Bangladesh: Dozens missing after ferry sinks
A passenger ferry sank Saturday in a river in southern Bangladesh during a tropical storm, with about 30 people still missing and at least one confirmed dead, officials said.
The twin-deck ferry had nearly 200 passengers on board when it sank in the Tetulia River in Bhola district, 65 miles south of the capital, Dhaka, amid high winds and waves, the United News of Bangladesh agency reported.
Up to 150 passengers initially were reported missing and feared dead, but officials later said most of those on board managed to swim ashore or were picked up by passing boats.
Seasonal storms have hit Bangladesh since Friday, leaving thousands of people homeless and 50 injured.
West Bank: Pair with fake weapons enter Church of Nativity
An Israeli man and his wife who entered the Church of Nativity and threatened to blow themselves up Saturday were carrying fake weapons. Israeli security forces and Palestinian police detained them.
The man was carrying plastic guns. His wife, who had claimed to be wearing an explosives vest, had firecrackers strapped to her body, said Bethlehem Mayor Hanna Nasser.
Police and the Israeli military said the man was an Israeli Jew and his wife was believed to be Christian. Both have histories of making past threats at the church and elsewhere.
The Church of the Nativity marks the traditional birthplace of Jesus.
Beijing: U.S. Embassy urges reopening of newspaper
Protesting what it called backsliding on media freedom in China, the U.S. Embassy on Saturday urged authorities to reopen a pioneering newspaper shut down after publishing an article discussing political reform.
The closure of the 21st Century World Herald, published in the southern city of Guangzhou, was a "particular disappointment" in light of a mild relaxation of restrictions on the press, the embassy said.
Chinese authorities haven't commented on the closure of the paper. It was believed to have been ordered shut by officials of the ruling Communist Party's propaganda department, which keeps a tight leash on all Chinese media.
The move was apparently prompted by the weekly newspaper's publication of an interview with Li Rui, a former secretary to communist China's founder Mao Zedong in its March 3 edition. Li criticized Mao and single-party rule and called for free elections and other Western-style political reforms.

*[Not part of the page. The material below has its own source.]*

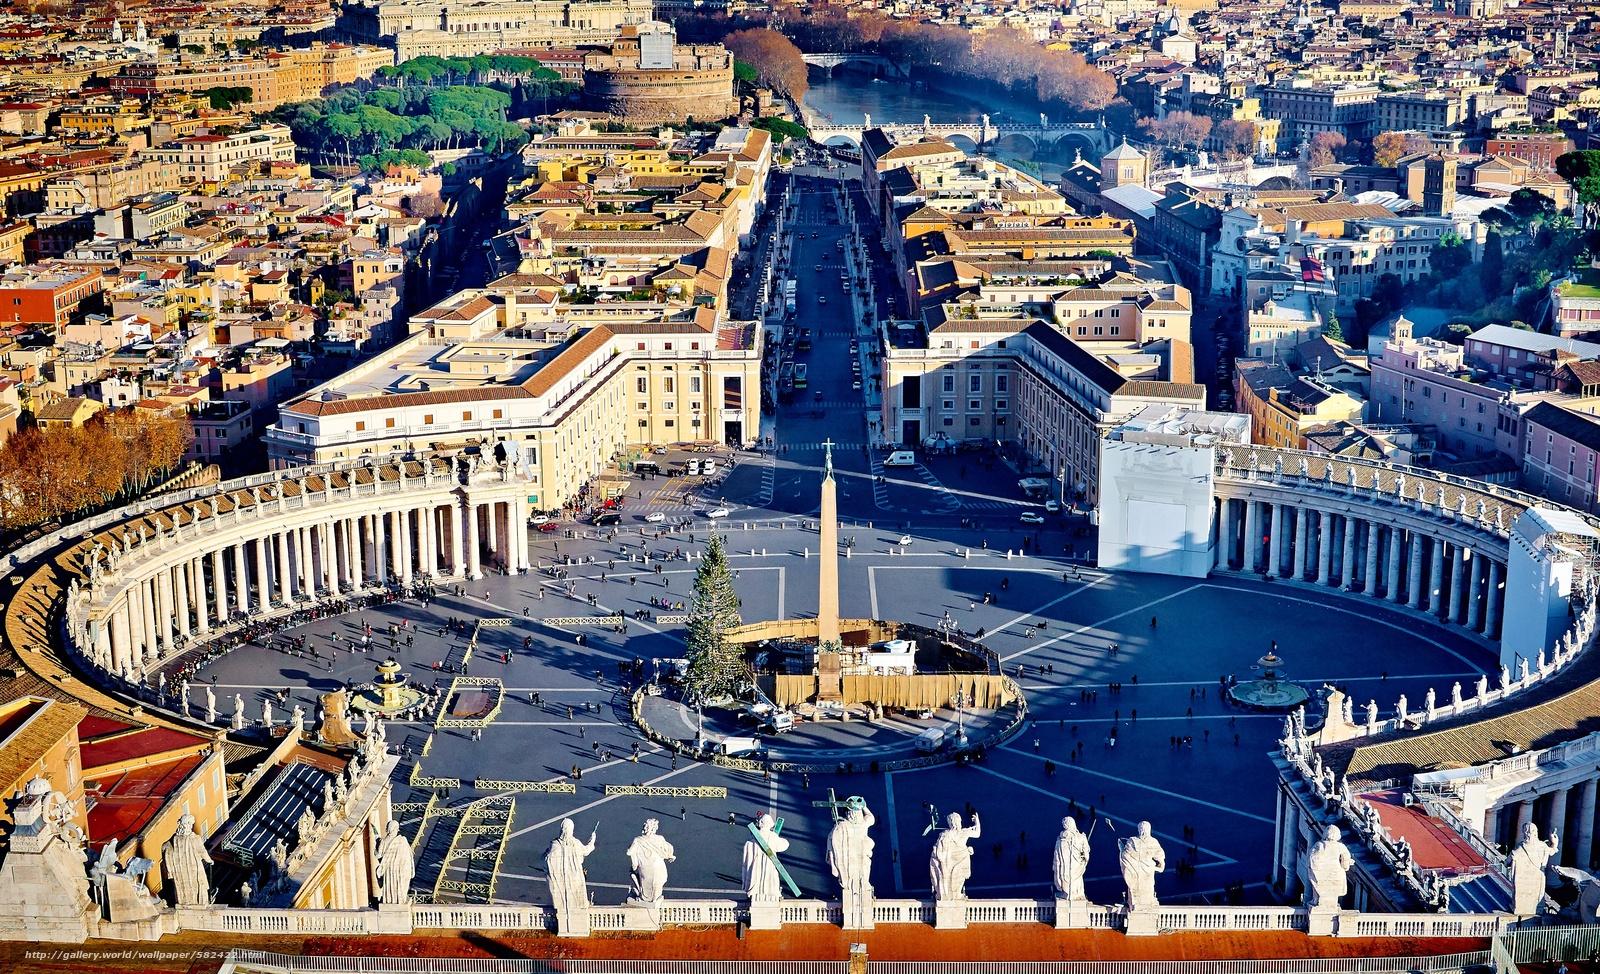 tlcharger fond decran rome - photo #7

El Salvador: High absenteeism expected for elections
Salvadorans were once so passionate about their leaders that they braved gunfire to vote, but after years of economic despair and disappointment, turnout was expected to reach new lows in elections this weekend.

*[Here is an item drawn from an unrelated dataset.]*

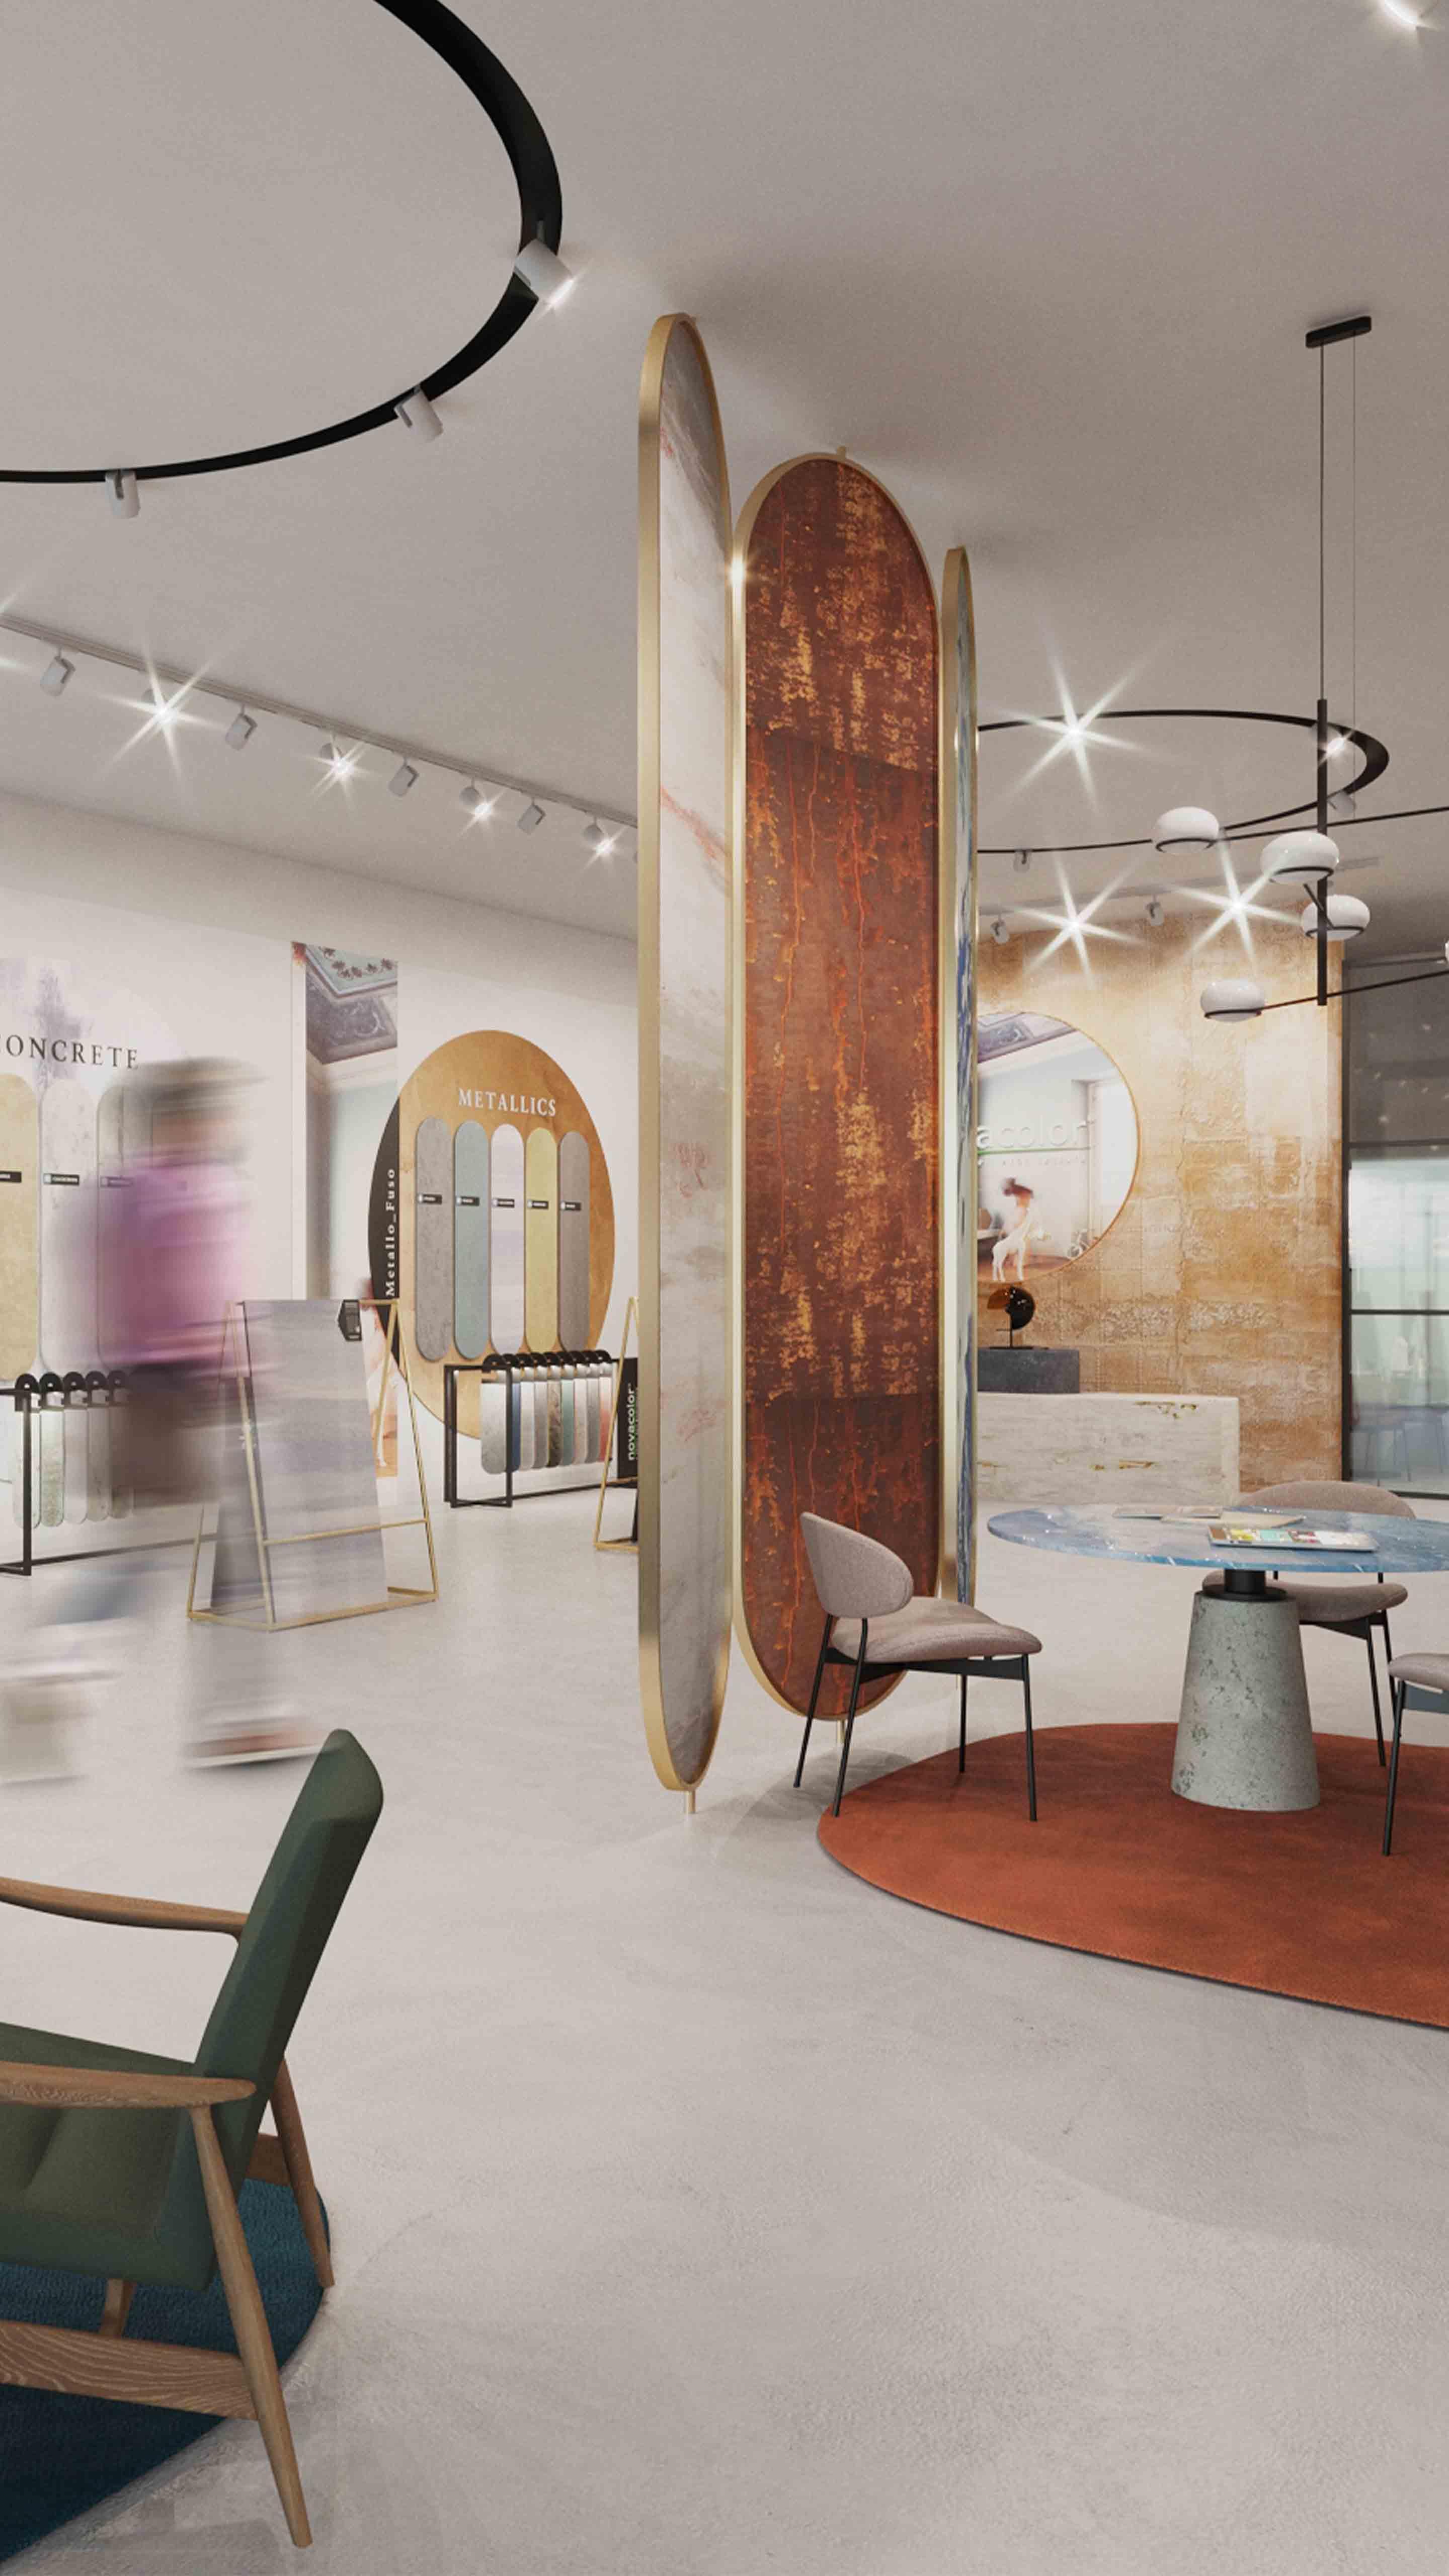 Salle d'exposition de formats Format showroom

Recent polls indicate that voter turnout will be about 40 percent for the congressional and municipal elections today. The vote will be contested by the ruling Republican Nationalist Alliance, or ARENA, and the Farabundo Marti National Liberation Front, or FMLN, the former guerrilla group.

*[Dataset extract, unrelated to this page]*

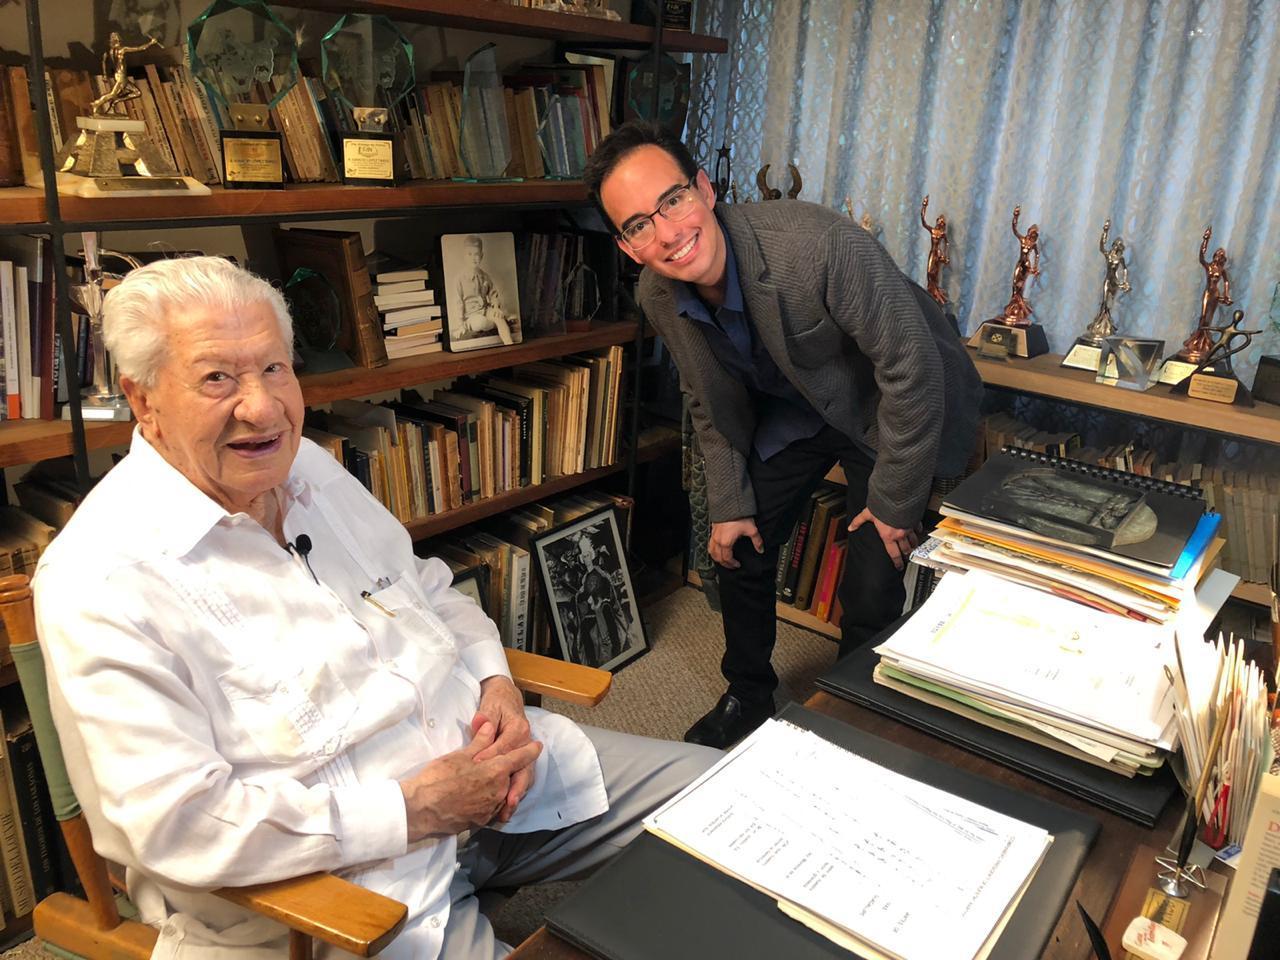 Producer Guillermo Wiechers

Twenty years ago, 72 percent of voters turned out to cast ballots despite fighting between the government and the guerrillas. The sides signed a peace treaty in 1992 after an estimated 50,000 people died in 12 years of fighting.
Ten years later, the opponents are the same and the country still hasn't seen the progress and economic recovery many hoped for. Crime, unemployment and poverty remain the country's most pressing problems.
The campaign leading up to today's election has been plagued by violence.